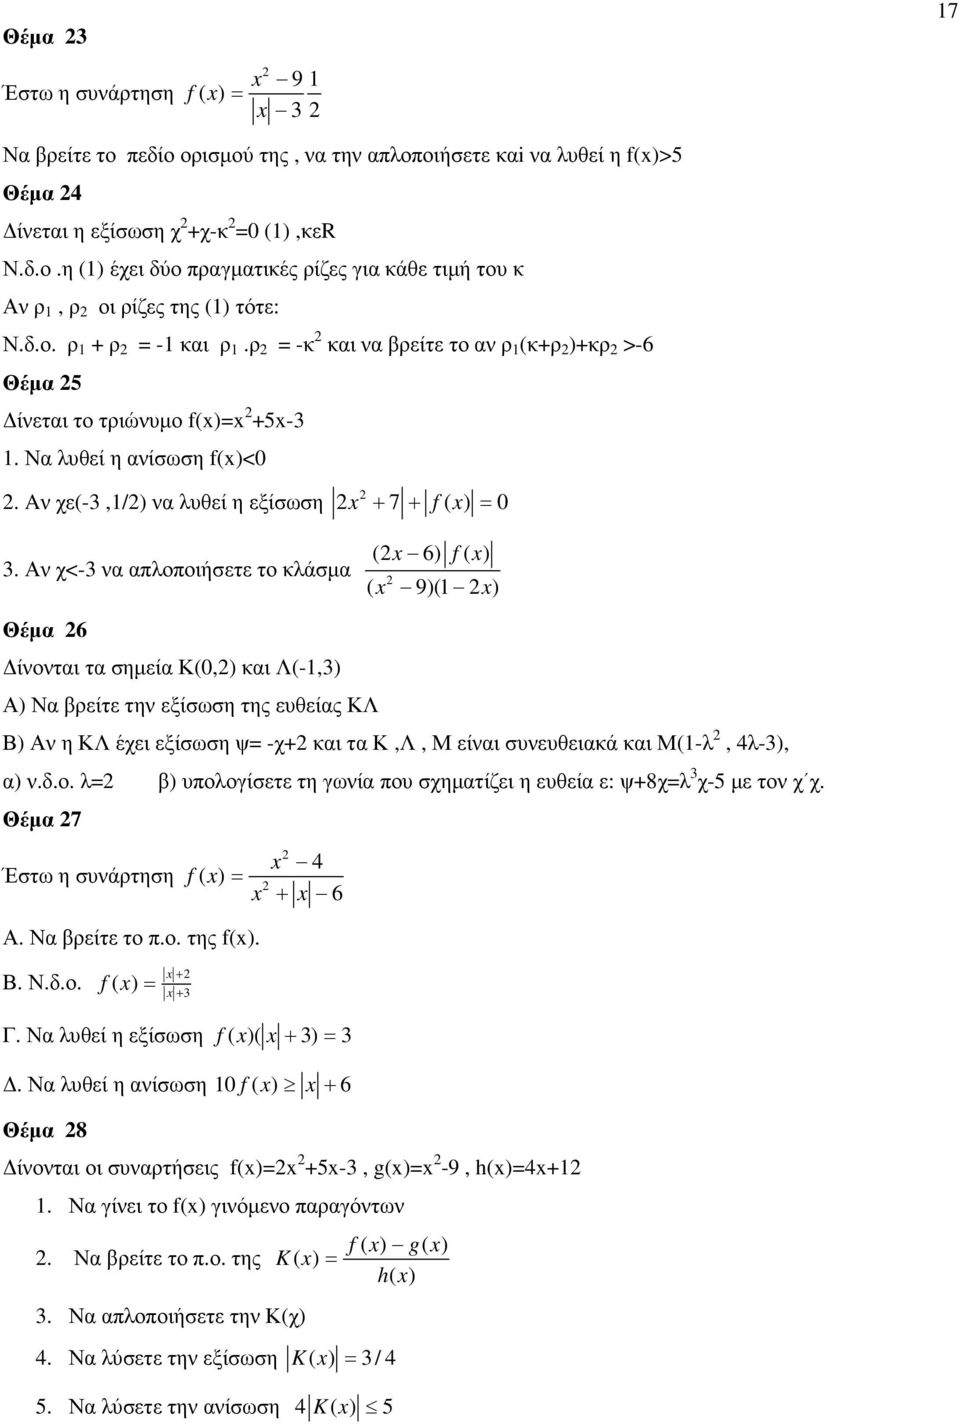 Αν χ<-3 να απλοποιήσετε το κλάσµα ( x 9)(1 x) Θέµα 6 ίνονται τα σηµεία Κ(0,) και Λ(-1,3) Α) Να βρείτε την εξίσωση της ευθείας ΚΛ Β) Αν η ΚΛ έχει εξίσωση ψ -χ+ και τα Κ,Λ, Μ είναι συνευθειακά και
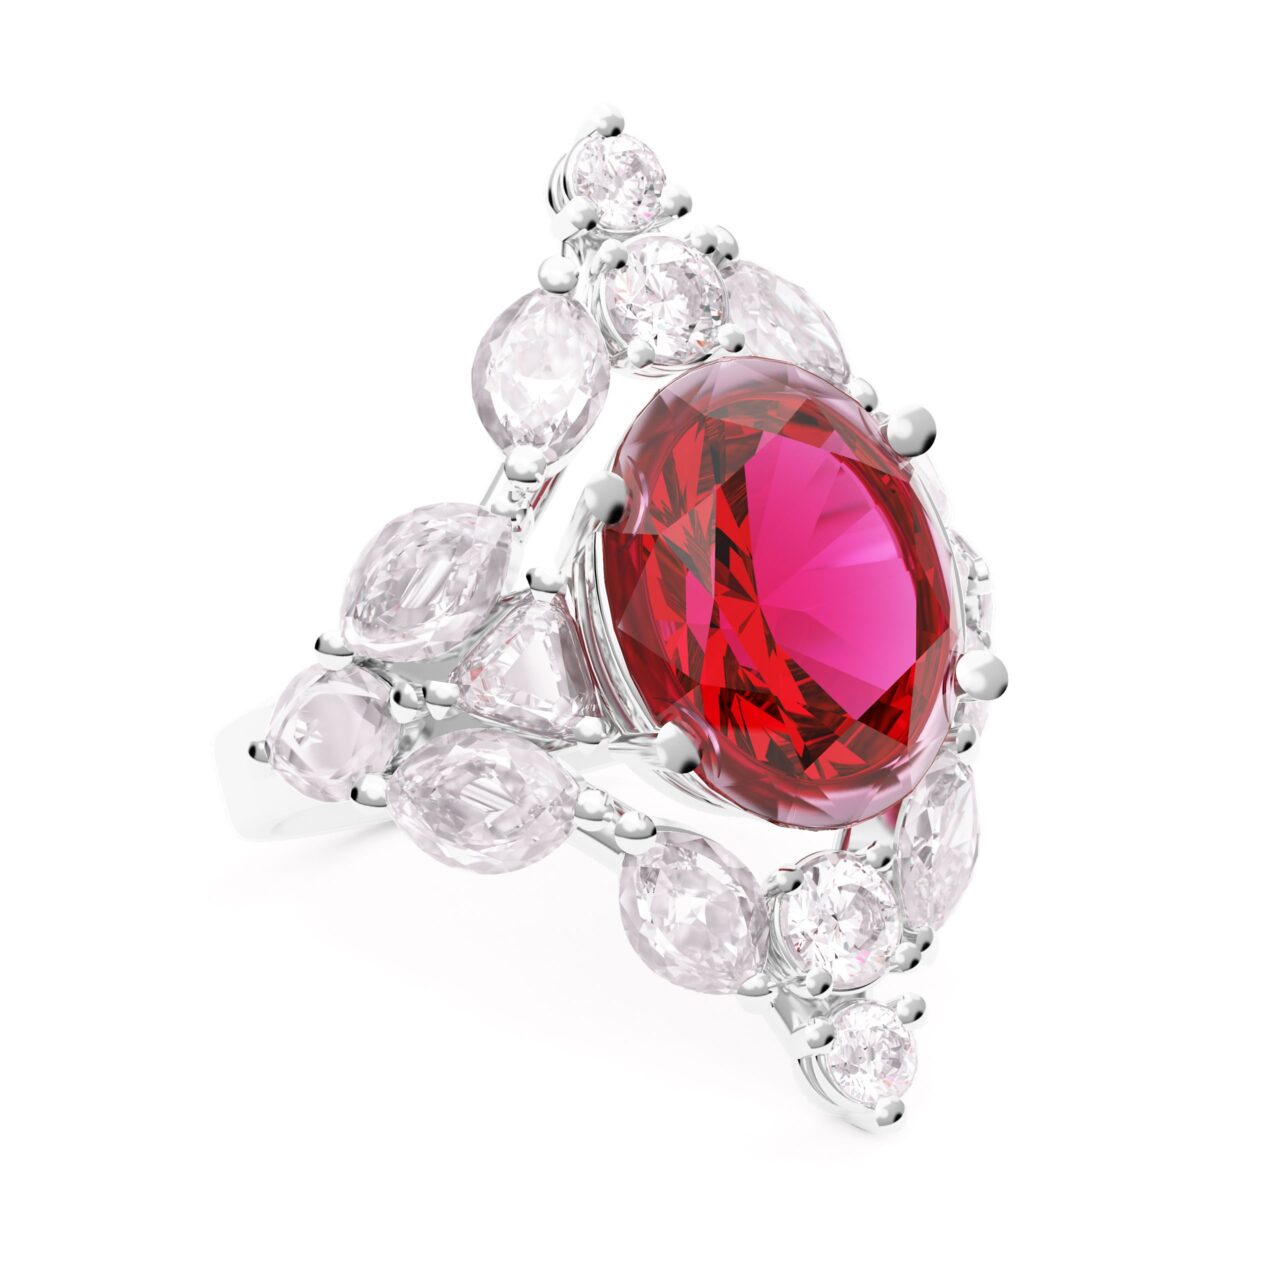 Bague Rubis Royal : un rubis taille ovale de 10 mm entouré de diamants sur un corps en or blanc 18 carats.
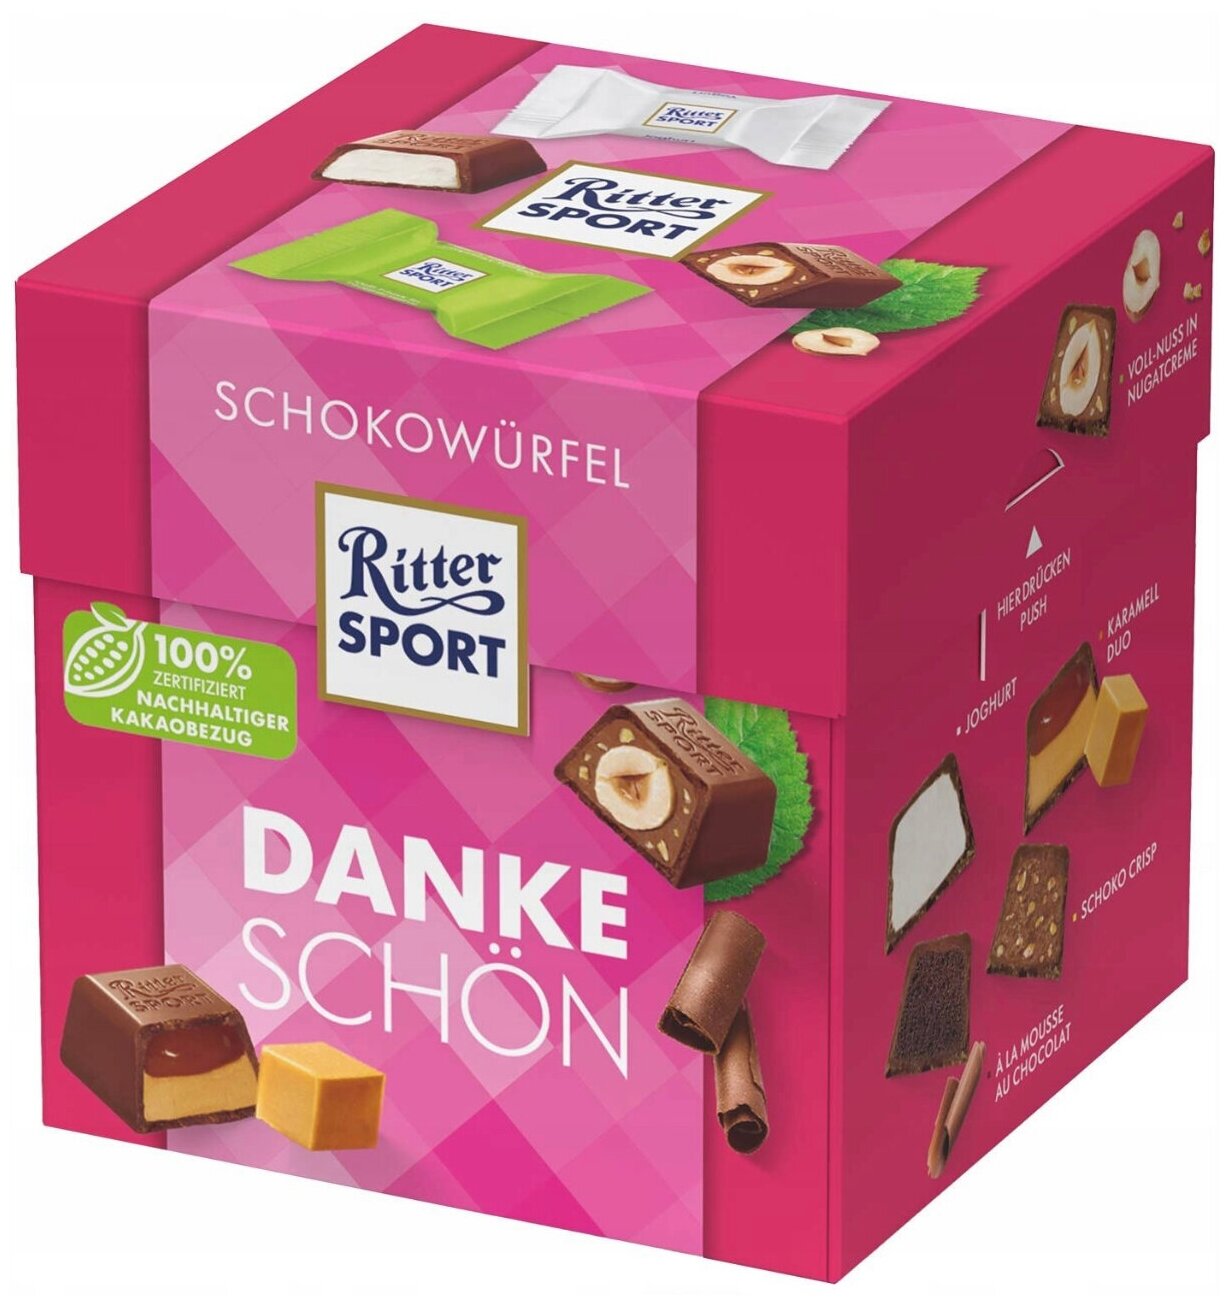 Набор мини-шоколад Ritter sport DANKE SCHON, Шоколадные конфеты ассорти (Германия), 176гр - фотография № 1
================================
- _YOUR INSTRUCTIONS_
All of the data, minus its pictures, should be repeated exactly.

- _RESULT BELOW_
 Αν χ<-3 να απλοποιήσετε το κλάσµα ( x 9)(1 x) Θέµα 6 ίνονται τα σηµεία Κ(0,) και Λ(-1,3) Α) Να βρείτε την εξίσωση της ευθείας ΚΛ Β) Αν η ΚΛ έχει εξίσωση ψ -χ+ και τα Κ,Λ, Μ είναι συνευθειακά και
 Bague Rubis Royal : un rubis taille ovale de 10 mm entouré de diamants sur un corps en or blanc 18 carats.
 Набор мини-шоколад Ritter sport DANKE SCHON, Шоколадные конфеты ассорти (Германия), 176гр - фотография № 1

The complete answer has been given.